AW: Yeah, speaking of that, I know that with fly fishing, there's lots of different flies, how can you know exactly which fly to use there?
CC: Yeah, I have a lot of experience using the wrong fly. There have been times, I'm serious, when I've been at a lake or something. And you see, you're seeing the fish jumping everywhere around you, like literally. And there have been times when I've put out a fly, like right there, like, Oh, that was a good cast, and just completely ignores it. And I'm wondering if they all look the same to me, how do you know? It's incredible.
SB: It definitely can be very hard, you know, one of the, the frustrating parts of my job can be that trying to figure it out. You know, I've been doing it long enough now, where I just, I just kind of know what's going to work what time of year, but then, you know, always, you know, tying flies, trying new patterns, changing things up, you know, as, as places get fished harder, the fish get more educated. And it seems like you have to go smaller flies or skinnier profiles on your flies, definitely makes makes a difference. But, you know, look trying to figure out what they're eating, you kind of look at what bugs are around. You can pull up rocks that are in the bottom of the river and look underneath those and see what bugs are there and try your best to match you know, something that looks like those bugs as well.
AW: So you're able to kind of look around and sometimes identify bugs that are flying around and say oh, you know, may fly or whatever and let's try that.
SB: Yep. And then, you know, I fished a lot of attractor patterns to you know, the Chernobyl and some pretty famous fly and that was invented on the Green River. Fish, you know, that type of fly like kinda like I did at Jurassic lake with a dry dropper setup. So and then that matches what's underwater and then a big attractor, bug that's like floating a Snickers bar down the river that might tempt somebody out.

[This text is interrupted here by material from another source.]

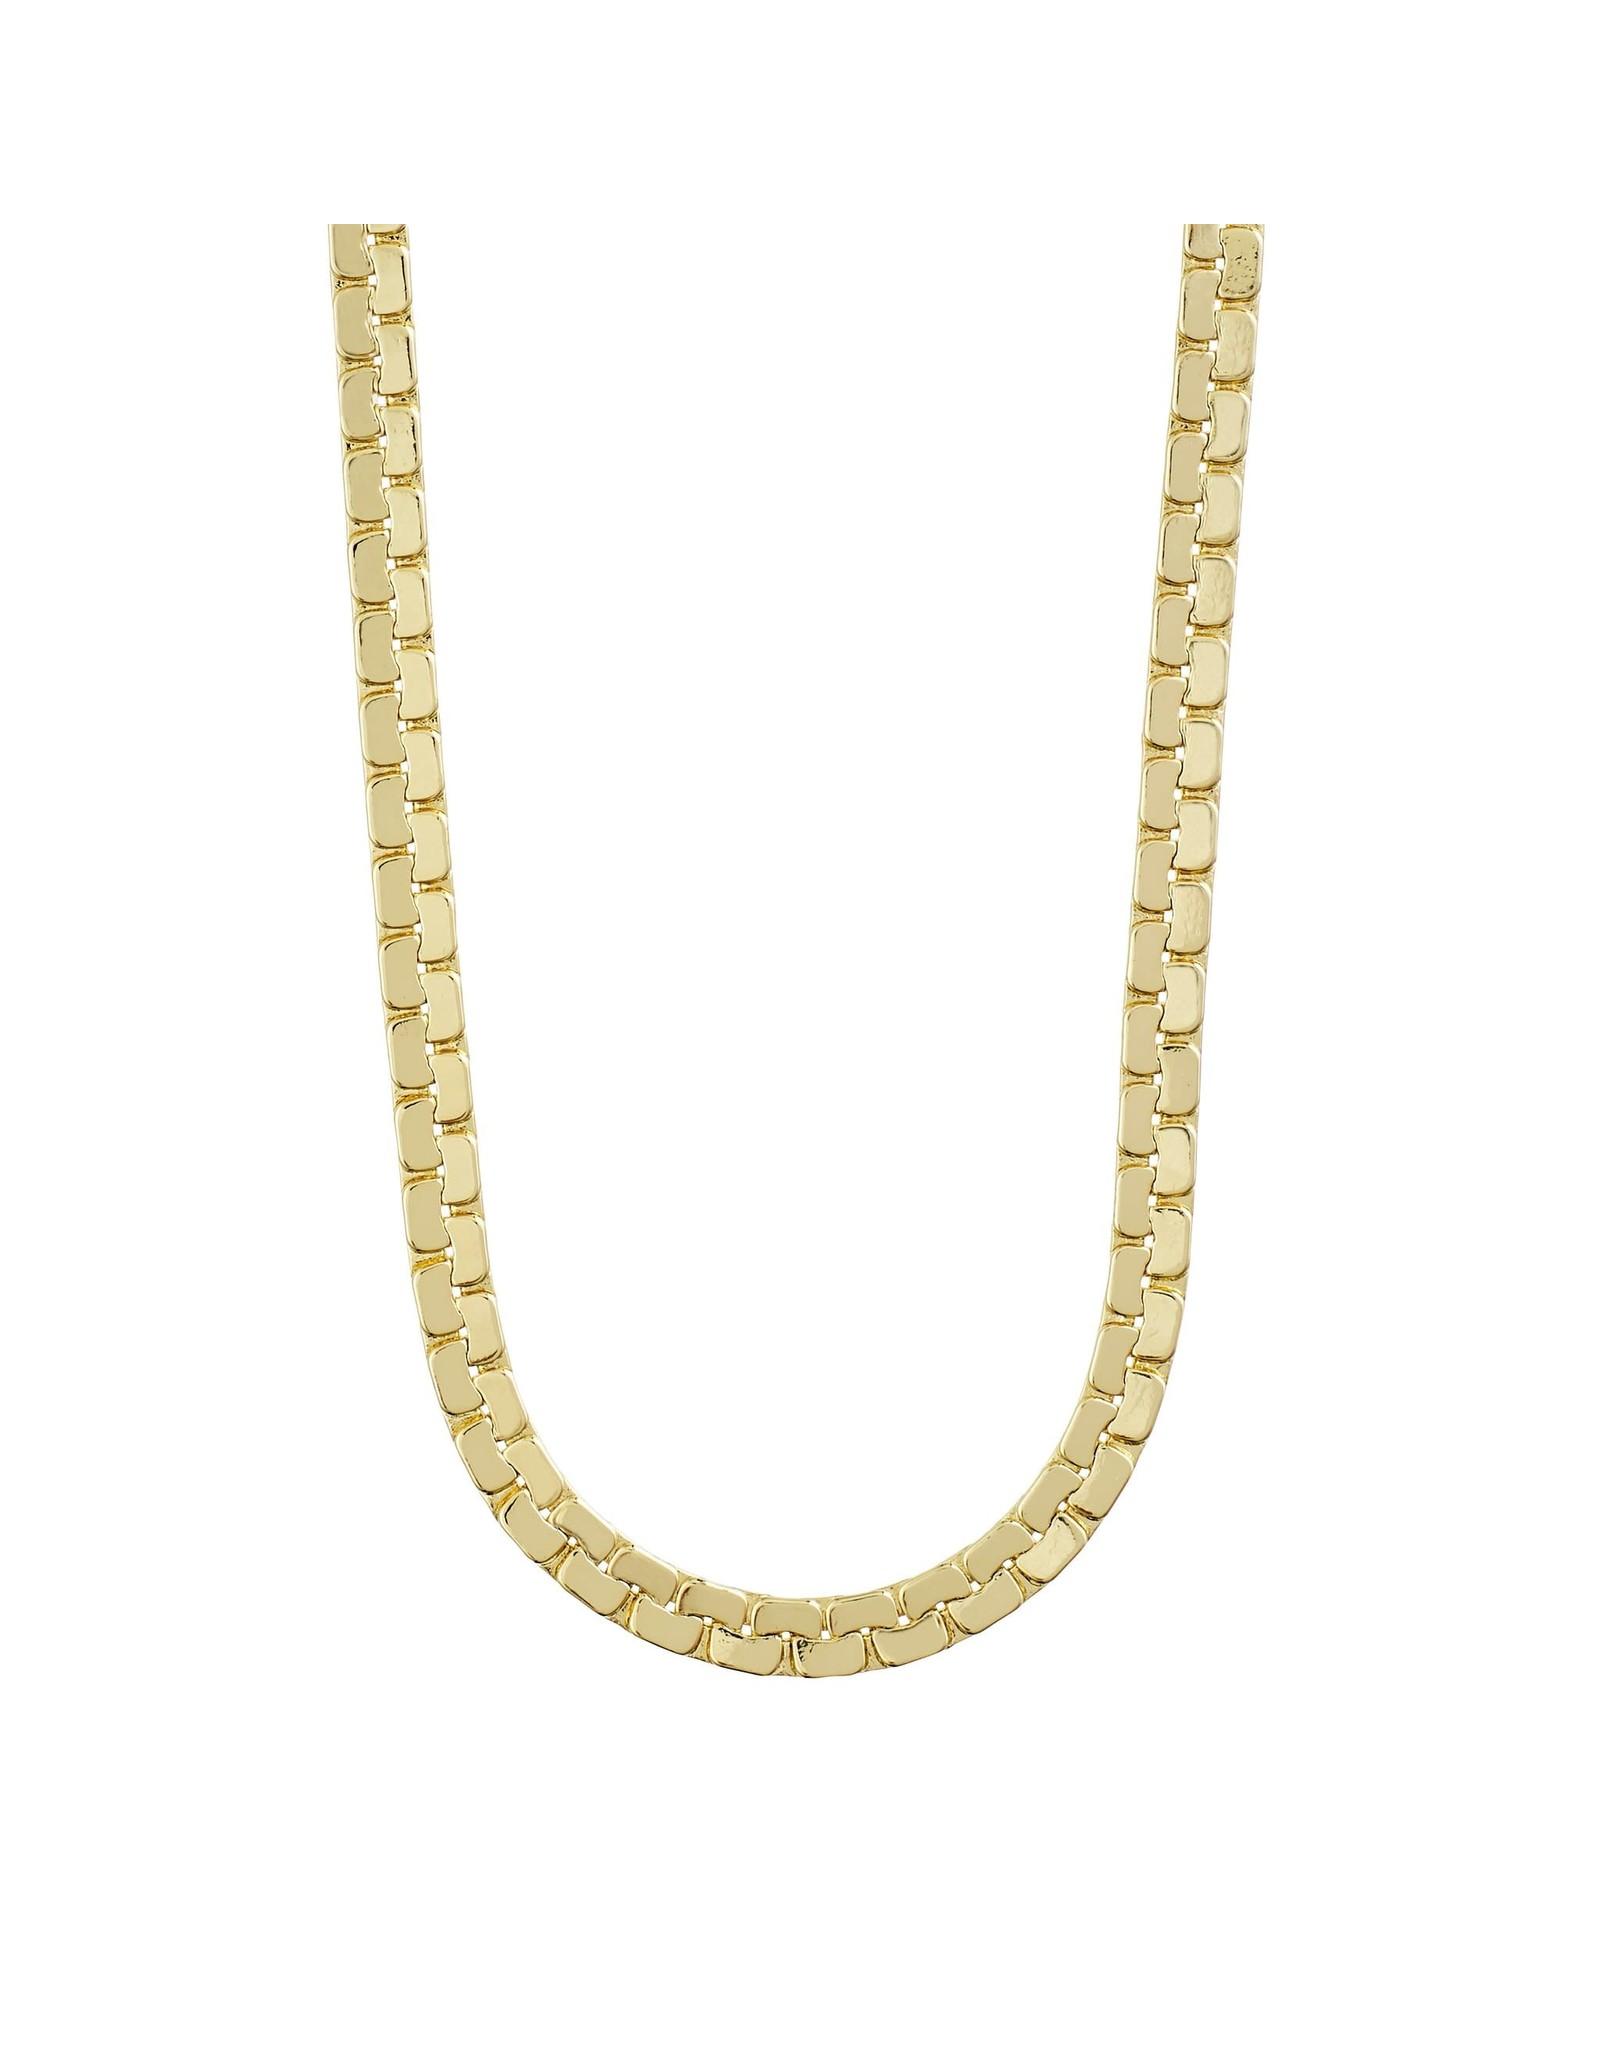 Pilgrim Pilgrim Beauty Necklace Gold Plated II

AW: So you tie your own flies, is that right? And how long have you been doing that? Have you been doing that? Since you've been fishing? Or how did you get involved in the flight time?
SB: Yes, I bought a flight training camp when I was 13 with a buddy and we just, you know, after school, I just go and tie flies sometimes at his place. And then I ended up you know, just, he didn't love it as much as I did. So I kind of ended up taking it over from him, and then just kind of, you know, was self-taught. And nowadays, it's a lot easier because you have YouTube videos where you can watch exactly how somebody's typing something and they give you a, you know, a recipe, so you can go buy the exact hook the exact thread, or the perfect materials for that. So it's, it's become a lot easier to do that.
AW: That's cool. And circling back to when you were talking about rowing the boat, down the river, I'm sure that's a...I mean, I got to watch it in action. It was a lot of rowing. So that's a lot of work. But then also you were talking about kind of the skills as far as not letting the fish see where you are and everything. Can you talk a little bit more about that?
SB: Yeah, I mean, I think rowing, rowing the boat is definitely an art form, you know, and that's what, that's what will set the veteran guys out on the river apart from the beginners, it's just little subtle things they can do with the boat. You know, if I have one of the anglers on my boat, and I'm not, they're not treating me nicer, or I'm not liking them, I can give them a bad angle - favor their wife or whoever I like better.
AW: Kind of like the guy we were fishing with, right? You gave him the bad angle and gave me the good one, right?
SB: Ehh, he was pretty good.
AW: Yeah, well, he's a lot more he had all the skills, I didn't have any skills. So I needed all the help. So you're, you're very helpful for me on that, for sure.
CC: So, tell us about the uniqueness of the Green River. And maybe what makes it one of the best, you know, fly fishing rivers in the in the country. I mean, what, what's what is it about it?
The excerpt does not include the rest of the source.